High energy and power density TiO2 nanotube electrodes for 3D Li-ion microbatteries

Abstract

Highly ordered anodic TiO2 nanotube arrays with a tube length of 9 μm are shown to provide areal capacities of 0.24 mA h cm−2 (i.e. 96 mA h g−1) at a charge/discharge current density of 2.5 mA cm−2 (corresponding to a rate of 5 C) and 0.46 mA h cm−2 (i.e. 184 mA h g−1) at 0.05 mA cm−2, when used as 3D free-standing anodes in Li-ion microbatteries.
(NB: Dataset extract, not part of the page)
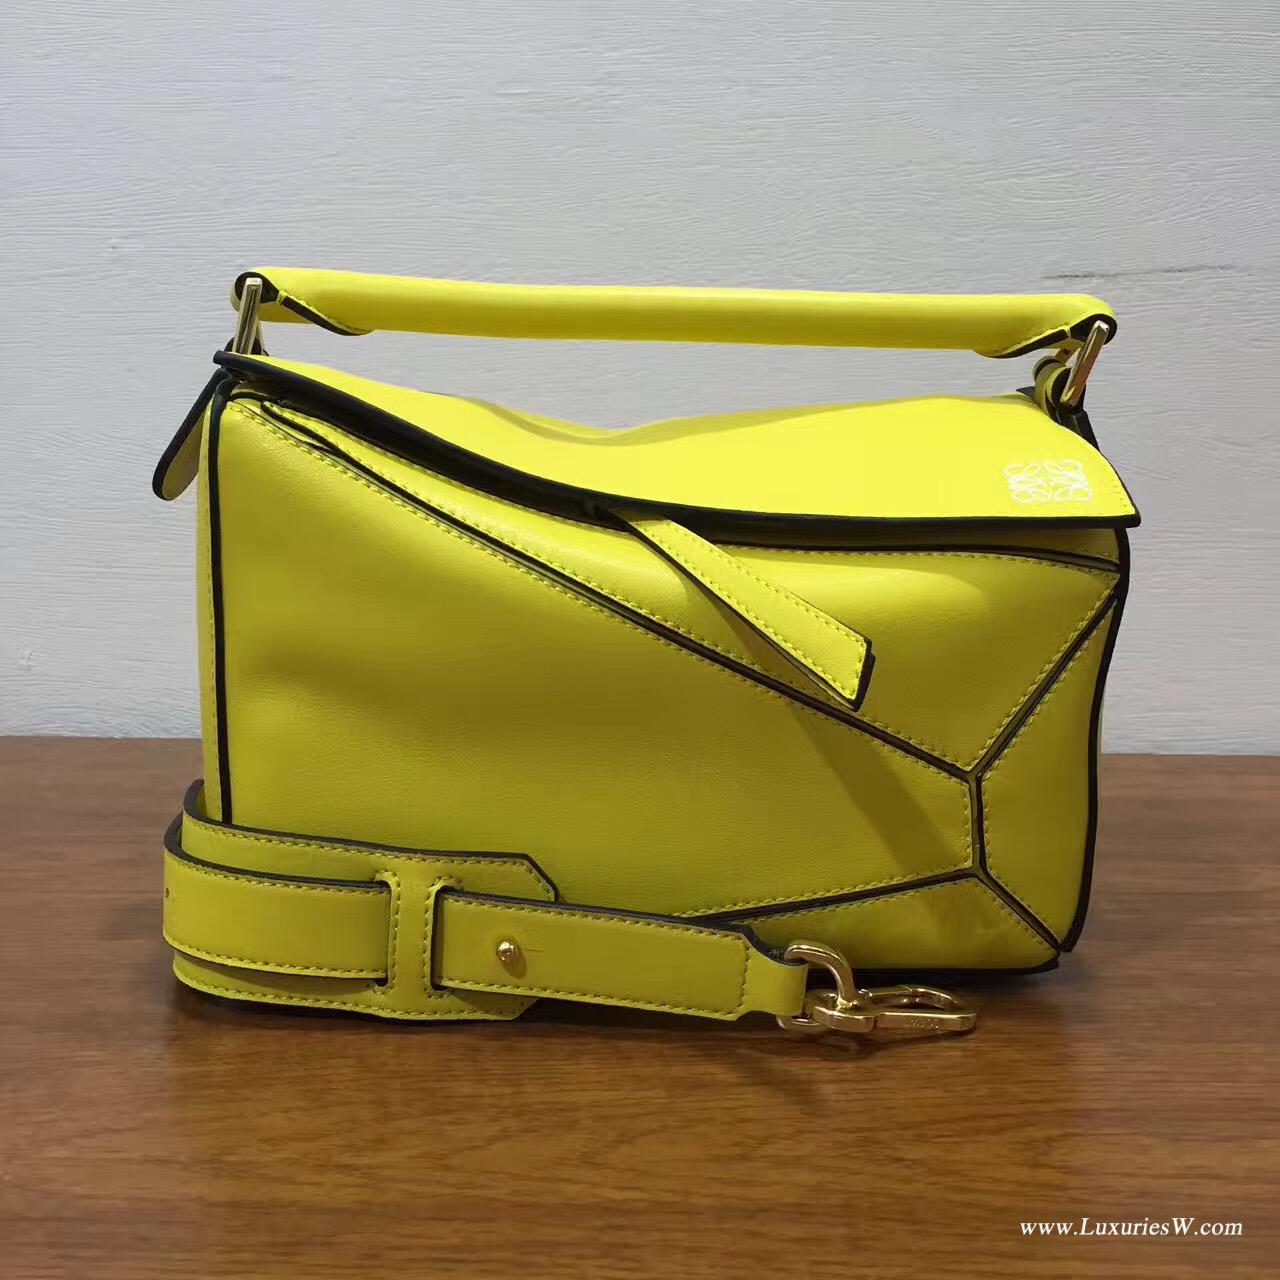 羅意威女包官網 LOEWE Mini Puzzle Bag 柠檬黄 長方體形狀 折疊幾何包

The present nanotube electrodes, which could be cycled for 500 cycles with only 6% loss of capacity, exhibited significantly higher energy and power densities, as well as an excellent cycling stability compared to previously reported TiO2-based Li-ion microbattery electrodes. The influence of parameters such as ordering, geometry and crystallinity of the nanotubes on the microbattery performance was investigated. A two-step anodization process followed by annealing of the nanotubes was found to yield the best microbattery performance. It is also demonstrated that the rate capability of the electrode depends mainly on the rate of the structural rearrangements associated with the lithiation/delithiation reaction and that the areal capacity at various charge/discharge rates can be increased by increasing the tube wall thickness or the length of the nanotubes, up to 0.6 mA h cm−2 for 100 cycles.